Série débutée en 2001 et dérivée d’une autre série culte (Resident Evil), Devil May Cry a su s’imposer comme l’une des références du beat them all. Son principal atout venant principalement de son héros « top cool » qui défouraille avec style tout ennemi se trouvant sur son chemin. Pour ce quatrième épisode, la série s’invite enfin sur la génération actuelle de consoles et se risque même à introduire un nouveau héros pour le faire rivaliser avec l’illustre Dante. Alors pari réussi ?
Quoi de neuf du côté de l’enfer ? Comme nous vous l’annoncions précédemment, la principale nouveauté de ce quatrième opus, c’est l’arrivée d’un nouveau héros, tout beau tout chaud nommé Nero (je tiens à exprimer mes excuses à tous les allergiques aux rimes de mauvais goût). Les habitués de la série seront peut être choqués en apprenant cela, mais qu’ils se rassurent, ce dernier est tout aussi classieux que son aîné. Armé de sa fidèle épée « Red Queen » et de son révolver préféré, il excelle lui aussi dans l’extermination de monstres à la chaine. Ce nouveau personnage apportera même avec lui quelques nouveautés à un gameplay déjà bien rodé. En effet, Nero peut enflammer son épée grâce à une sorte de moteur installé sur la poignée (oui je sais, dit comme ça, ça peut sembler étrange…). Ceci a pour effet de rendre les attaques de notre nouvel ami bien plus destructrices. Autre particularité pour notre n’Héros (pfiou je me suis dépassé sur celui-là), ses parents ont cru bon de lui greffer un bras démoniaque nommé « Devil Bringer ». Cela lui permet par exemple de saisir ses ennemis par le cou et leur écraser la tête sur le sol, d’attraper ses ennemis à distance, et plus tard de traverser de larges crevasses grâce à un pouvoir particulier récupéré dans la première partie du jeu.

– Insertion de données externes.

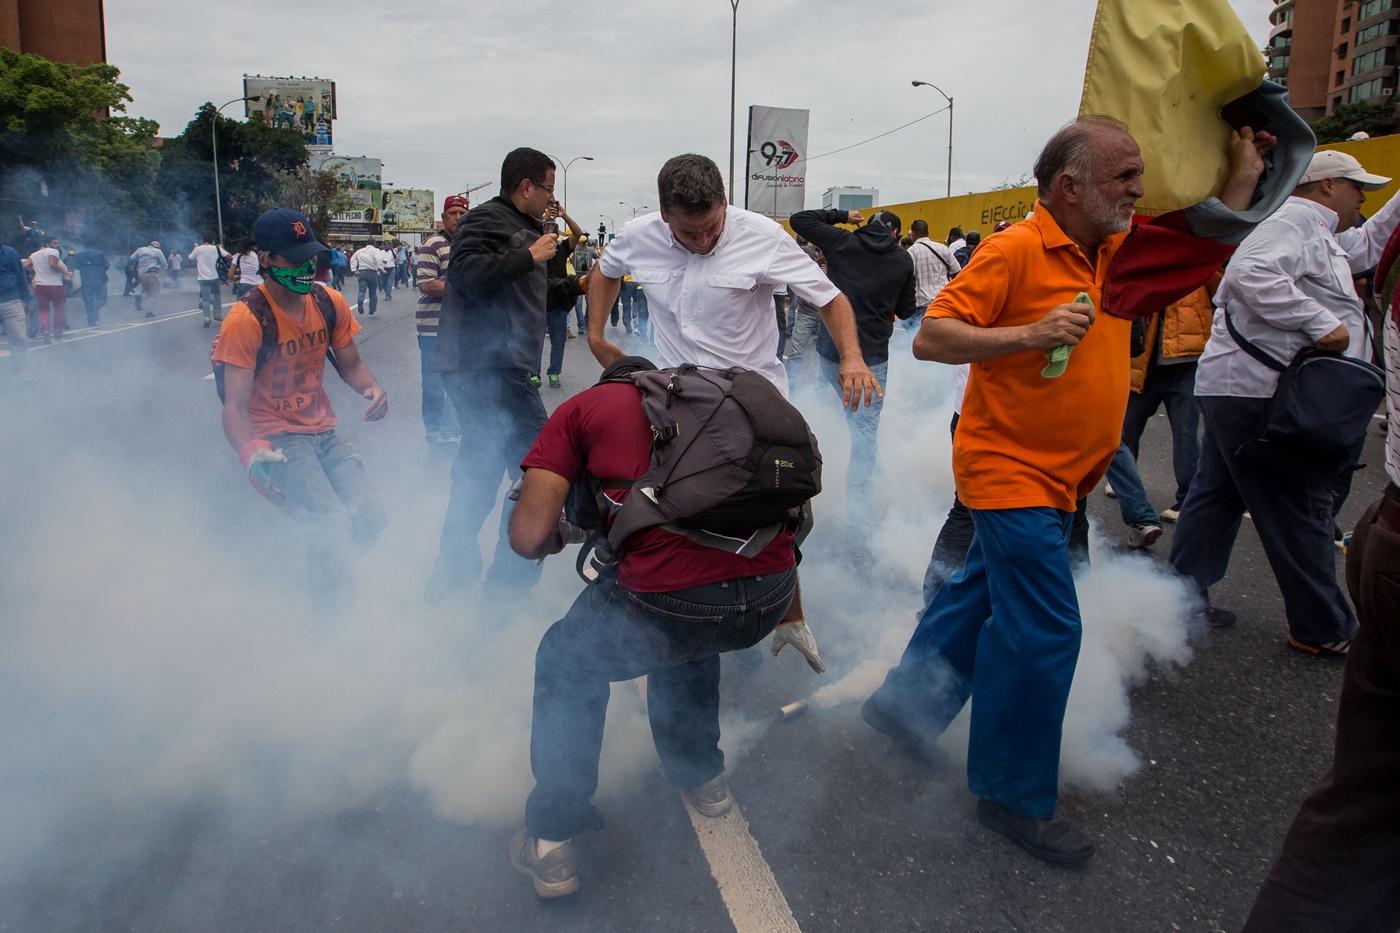 CAR007. CARACAS (VENEZUELA), 03/05/2017 - Un grupo de diputados de la Asamblea Nacional reacciona ante una bomba de gas lacrimógeno lanzada por la policía durante una mnaifestación que encabezan hoy, miércoles 3 de mayo de 2017, en Caracas (Venezuela). La Guardia Nacional Bolivariana (GNB, policía militarizada) de Venezuela dispersó hoy con gases lacrimógenos una movilización opositora en el este de Caracas que pretendía llegar hasta la sede de la Asamblea Nacional (AN, Parlamento), ubicada en el centro de la capital. EFE/MIGUEL GUTIERREZ

Ah mais je vous connais vous !Pour ceux qui, malgré toutes les qualités de Nero que je viens de vous vanter, n’en ont pas encore assez, et bien sachez qu’une fois à mi-parcours dans le jeu, ce bon vieux Dante sera de nouveau de la partie. Ah je vois déjà les mines réjouies des fans de la première heure. Bien évidemment, il a également apporté son matériel habituel : pistolets, fusil à pompe et épée bien affutée. Petite nouveauté, dans cet épisode, Dante a la possibilité de changer de style comme bon lui semble, même pendant un enchainement déjà débuté. Pour ceux qui ne connaitraient pas encore la série, comprenez par là que Dante a le choix entre plusieurs styles de combat (Trickster, Swordmaster, Gunslinger, Royal Guard). Suivant le style sélectionné, l’action effectuée en appuyant sur le bouton action sera différente. On regrettera tout de même que les niveaux visités avec Dante soient quasiment les mêmes que ceux parcourus dans la première partie du jeu avec Nero… Autant dire que l’on a l’impression que la durée de vie a été augmentée artificiellement et l’on aurait préféré des niveaux différents.
Montre-moi ta technique Techniquement, autant dire que le soft est particulièrement bon. Des animations très détaillées et splendides, une fluidité à toute épreuve, rien à redire de ce côté-la. Graphiquement, on approche également de la perfection. Cette qualité ne cesse de mettre en valeur le design si particulier du titre. La réussite du titre vient notamment du fait que malgré les changements d’ambiance, on n’a pas l’impression de passer du coq à l’âne et l’ensemble reste très cohérent.
On regrettera tout de même que les ombres portées soient autant pixellisées (ceci est particulièrement visible dans les niveaux se déroulant dans la jungle). Enfin au niveau des reproches techniques, on peut ajouter les quelques soucis de caméra. Bien moins présents que dans les précédentes versions, ils viennent tout de même gâcher un peu le plaisir, surtout lors de phases de plate-forme particulièrement corsées.
La divine comédieConcernant le scénario, on reste dans le ton de ce qui se fait depuis les débuts de la série (on sent bien l’influence de Resident Evil au niveau de la narration). Rien de bien transcendant, mais les différentes cinématiques et la mise en scène parviennent à tenir en haleine le joueur. L’accent est particulièrement porté sur la dualité entre Nero et Dante, et cela nous donne droit à des passages voués à devenir cultes. Notons également des thèmes musicaux particulièrement réussis, notamment celui de l’écran de fin que j’ai personnellement adoré. Pour rester au niveau du son, sachez que les doublages en anglais (sous-titrés en français) sont eux aussi de bonne facture.